Senyap, waktu terasa seperti berhenti berjalan. Dunia seakan membiarkan Darren untuk matanya lebar-lebar dan mengamati dengan baik apa yang ada di hadapannya kini. Darren merasa otaknya buntu, ia tak dapat mencerna apa yang tengah terjadi saat ini.

Darren dan yang lainnya tak pernah mengira apalagi berpikir hal ini akan terjadi.

"Alizya ... apa maksud semua ini? " pelan Darren.

Alizya tersenyum tipis. Mereka yang ia tunggu telah datang. Alizya melepaskan cengkeraman tangannya. Sedikit kasar menghempaskan kepala siswi berambut panjang dari tangannya.
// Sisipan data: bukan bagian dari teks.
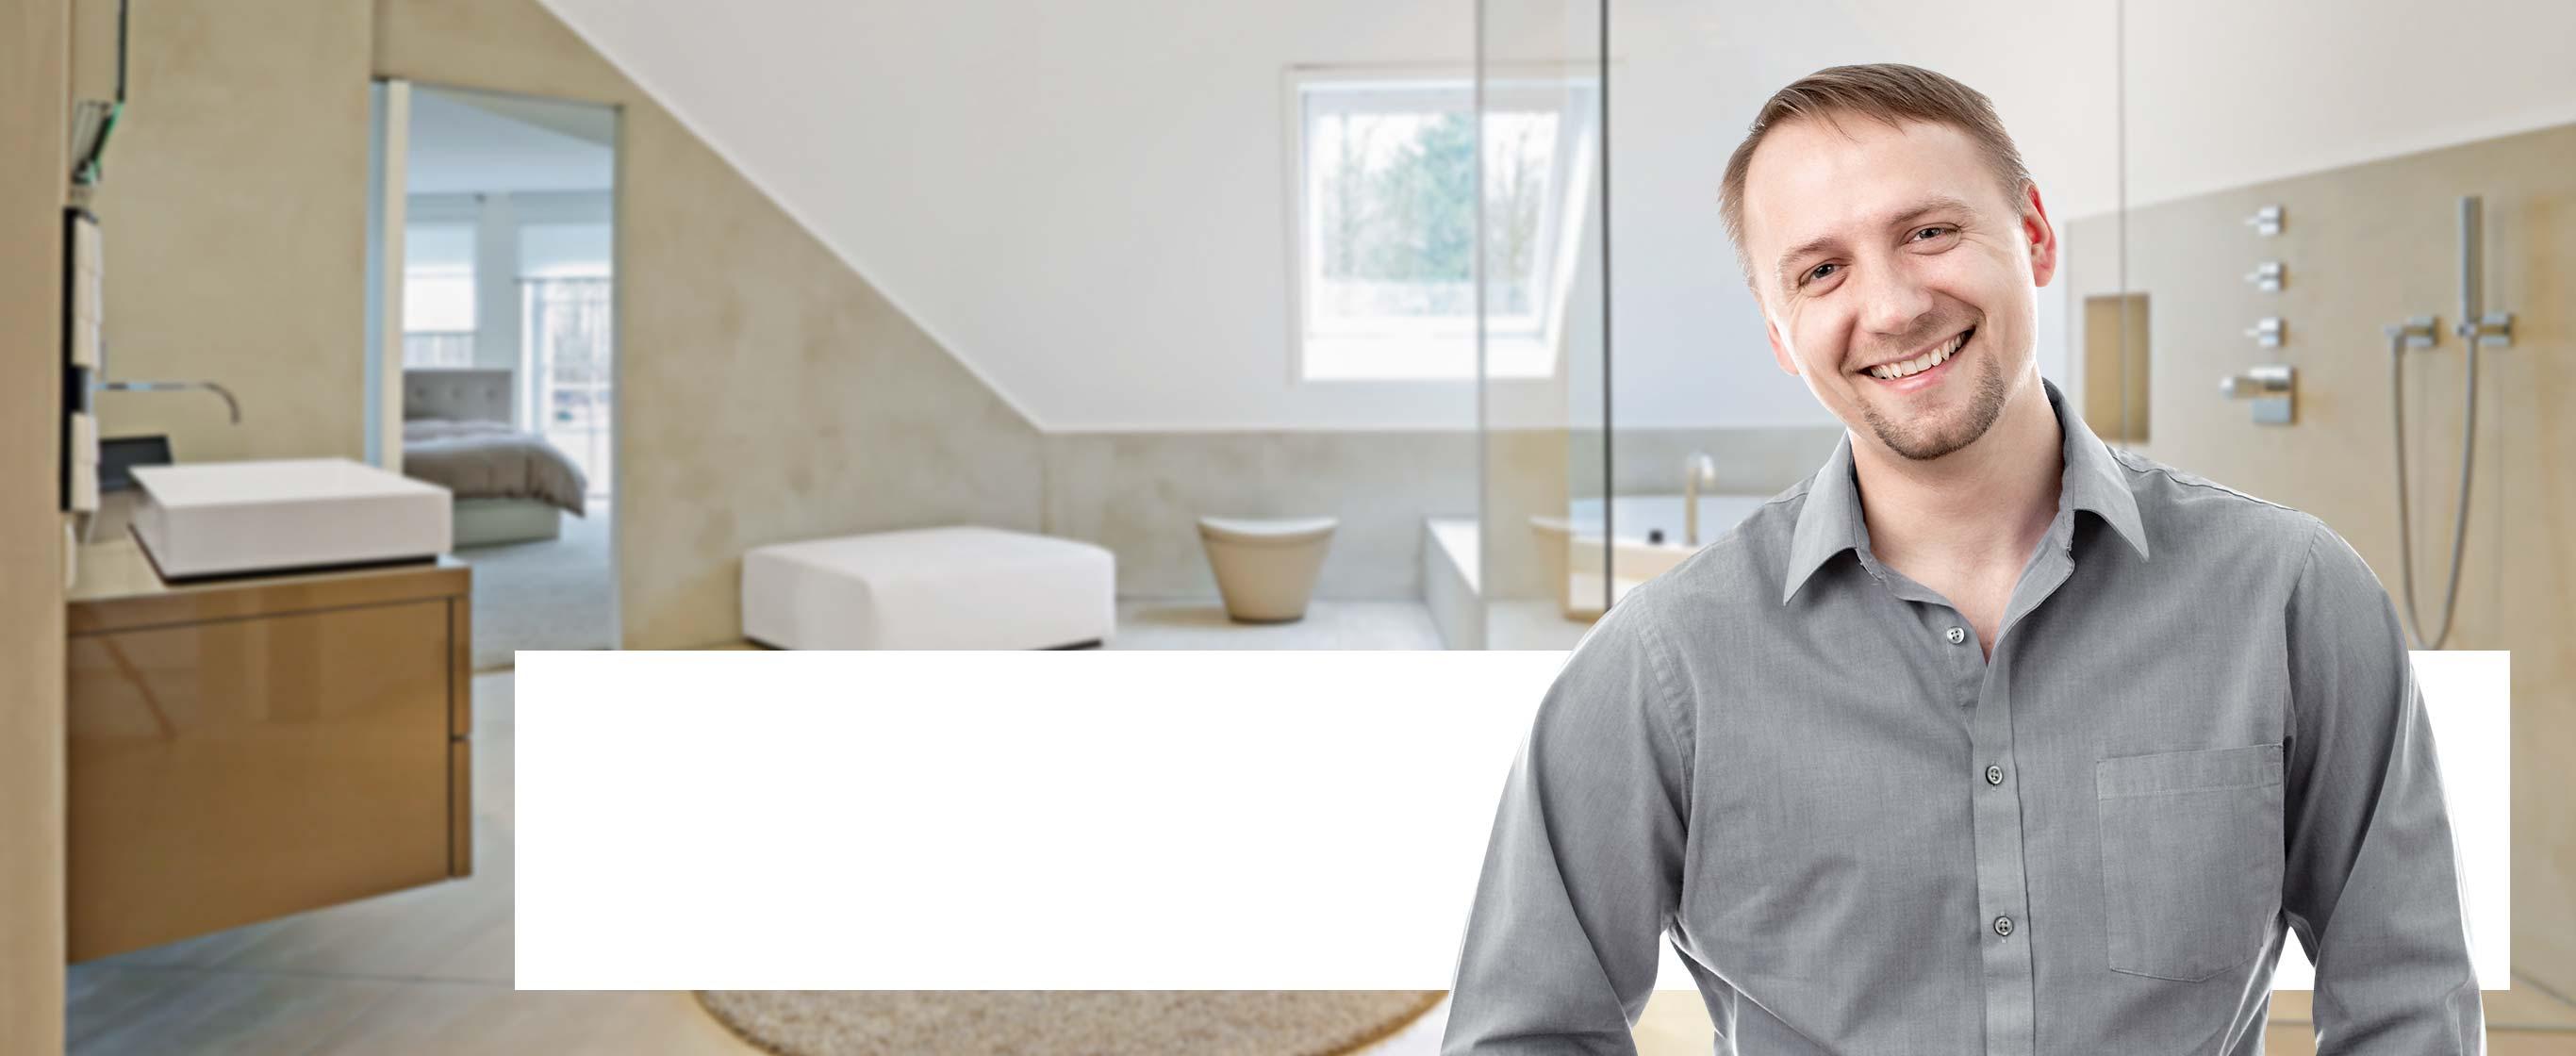 DIE BADGESTALTER-Kampagne: Mein Bad, mein Leben.

Alizya mengangkat kedua tangannya dengan satu sudut bibir terangkat.

"AAKH! "

Mendengar rintihan keras itu, mereka kembali disadarkan dari keterpakuan. Bergegas mereka menghampiri murid perempuan dengan penampilan acak-acakan dan lebam di wajah. Gadis itu tersungkur di bawah kaki Alizya. Wajahnya penuh luka lebam.

Darren masih terpaku. Ia tak bisa berpikir dengan baik untuk saat ini. Ketika ia mendobrak pintu, ada Alizya di dalam gudang bersama satu siswi yang keadaannya sangat memprihatinkan. Ia melihatnya, Alizya mencengkeram rambut panjang siswi itu dengan sebelah tangan. Sedangkan tangan satunya terangkat, hampir mengayun mengenai wajah siswi itu andai Darren tak datang.

Alizya mundur dan membiarkan para osis mengevakuasi siswi itu. Mereka segera membawa siswi itu ke luar dan meninggalkan Darren yang masih terpaku menatap Alizya.

"Bisa jelaskan padaku, apa maksud semua ini? " tanya Darren setelah tersadar. Darren berjalan mendekati Alizya.

Alizya mengangkat bahu tak acuh, " seperti yang Lo lihat. "

"GUE NGGAK TAHU APA YANG GUE LIHAT! " bentak Darren dengan sangat keras. Nafas pemuda itu nampak memburu. " Jelaskan! Tolong jelaskan..., " lanjutnya dengan lirih.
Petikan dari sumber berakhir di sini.